He mouthed, “Your 11:00 is here,” and I held up a finger, indicating I needed a minute.

I waited until I made sure he nodded before listening again.

“No,” Dave said. “You’re the unit directly across, but with the configuration of the old structure, they think the water has carried. I need your permission to enter your unit, so the workers can assess the damage.”

This was definitely not something I planned on dealing with today.

“Listen, I’m swamped here. Do you need me to be there while you assess?”

“I can let the workers in with the master key, but the foreman onsite will likely need to speak with you at some point today so they can show you what they’ve found.” Dave was sympathetic. He knew I worked late most days.

Looking at the open calendar on my desktop, I scanned through the day’s appointments, mentally doing an inventory of what could be cancelled or moved to tomorrow. “I’m swamped, but I can be out of here by four. Will that work?”

“I’ll let him know. I’m real sorry about this, Charleston,” Dave apologized.

Scribbling a note down on a sticky, I positioned it at the edge of my screen.

LEAVE BY FOUR.

“Things happen, Dave.” And they did. It wasn’t his fault the building was old. “Thank you for letting them in, and give my love to Susan.”

“Will do,” he said before hanging up.

Sighing, I leaned back in my chair and pinched the bridge of my nose. I prayed my unit hadn’t been damaged that much.

My cellphone buzzed on the desk and I got the pick-me-up I needed.

Beau: I’m choosing to take that as a compliment. Looking forward to seeing you next week. Campaign food sucks.

“Everything good?” Kevin asked, resting a hip against my doorjamb.

I looked back down at the text message from Beau, still engaged in the mini high.

“Pipe burst in my building.”

He whistled low. “Yikes.”

The screen on my phone went black. “Can you reschedule my afternoon appointments to make sure I’m out of here by four?”

“Sure thing, boss. Want me to bring her back?”

“Please.”

Kevin left and returned a minute later with Caroline Clarke, the newest Housewife of Vancouver, and also my eleven o’clock.

I was early.

Somehow the heavens had aligned and I was climbing the stairwell of my apartment building at three fifteen in the afternoon on a weekday.

This was almost as much of an accomplishment as the contract I’d just signed to host Caroline Clarke’s private party for the viewing of her first episode on
The Real Housewives of Vancouver
. Truthfully, I’d never seen the show, nor did I care to, but I did care that her budget was big and she was giving Smith & Co Productions carte blanche over the entire event.

Lifting my purse higher on my shoulder, I ascended quickly due to the fact that I was, once again, barefoot and carrying my heels.

The street outside the building had been completely overran with construction vehicles, and thus I’d inevitably been forced to park underground.

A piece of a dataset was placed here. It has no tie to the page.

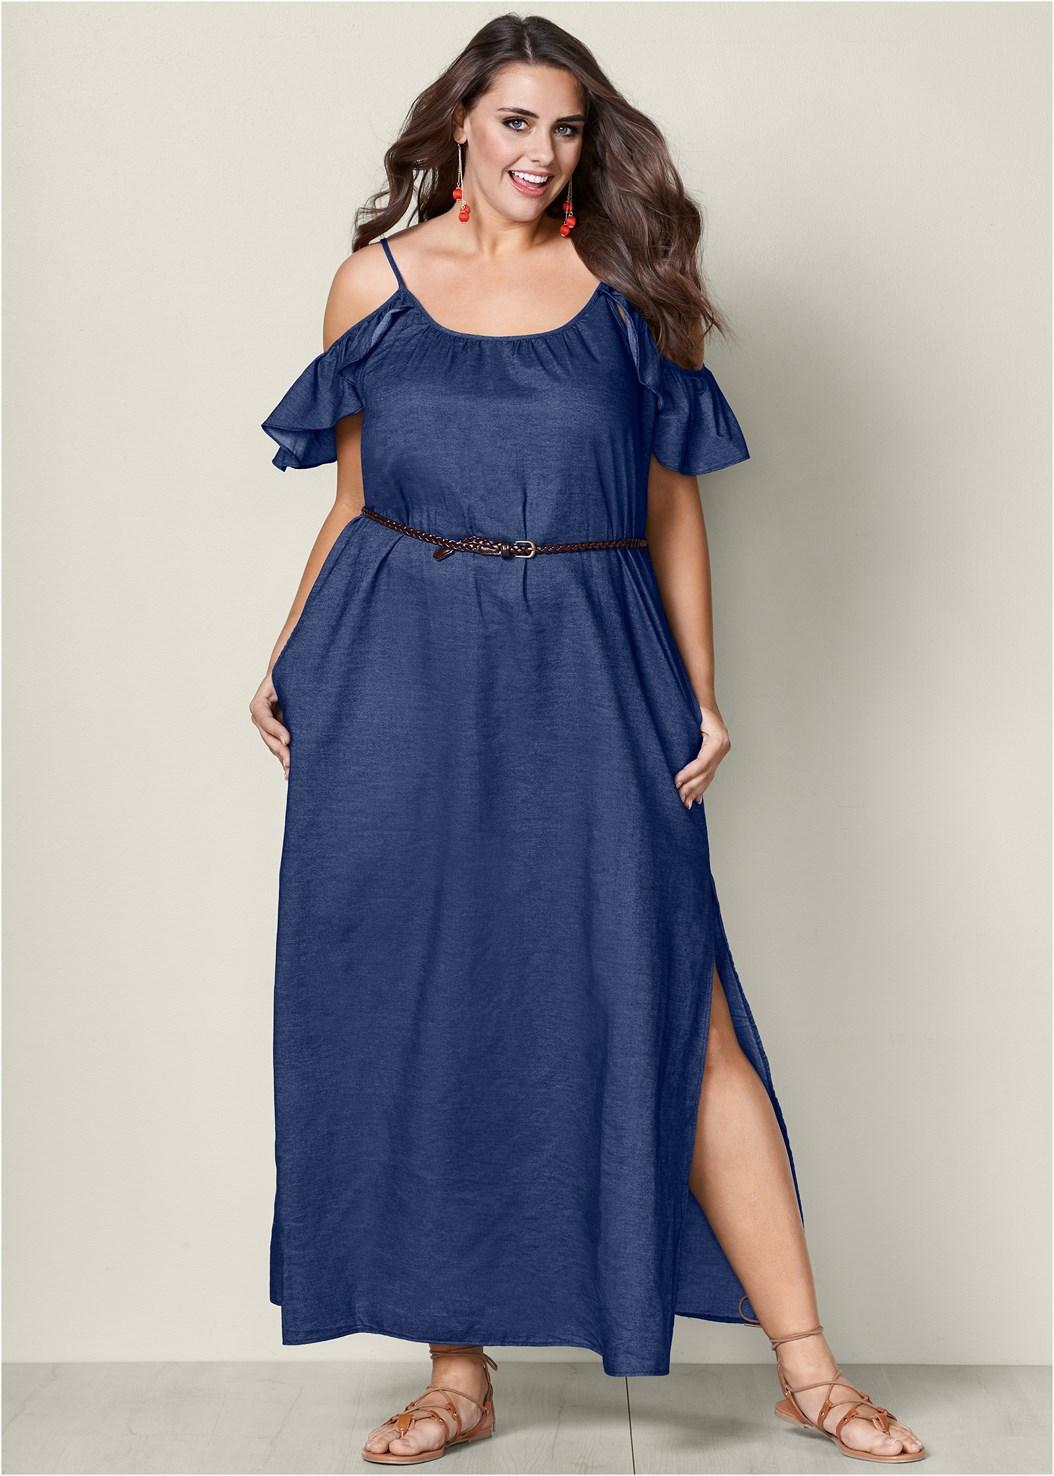 Venus Chambray Dress

That being said, it was a good excuse to take the stairs, which included an extra flight, seeing as I hadn’t joined Leighton at the gym…well, ever.

Opening the door marked
3
rd
Floor
, I balked at the sight of the hallway.

It was a disaster.

Tarps were strewn every which way, and there was a massive hole in the ceiling, which had been blocked off by warning tape. It was horrible.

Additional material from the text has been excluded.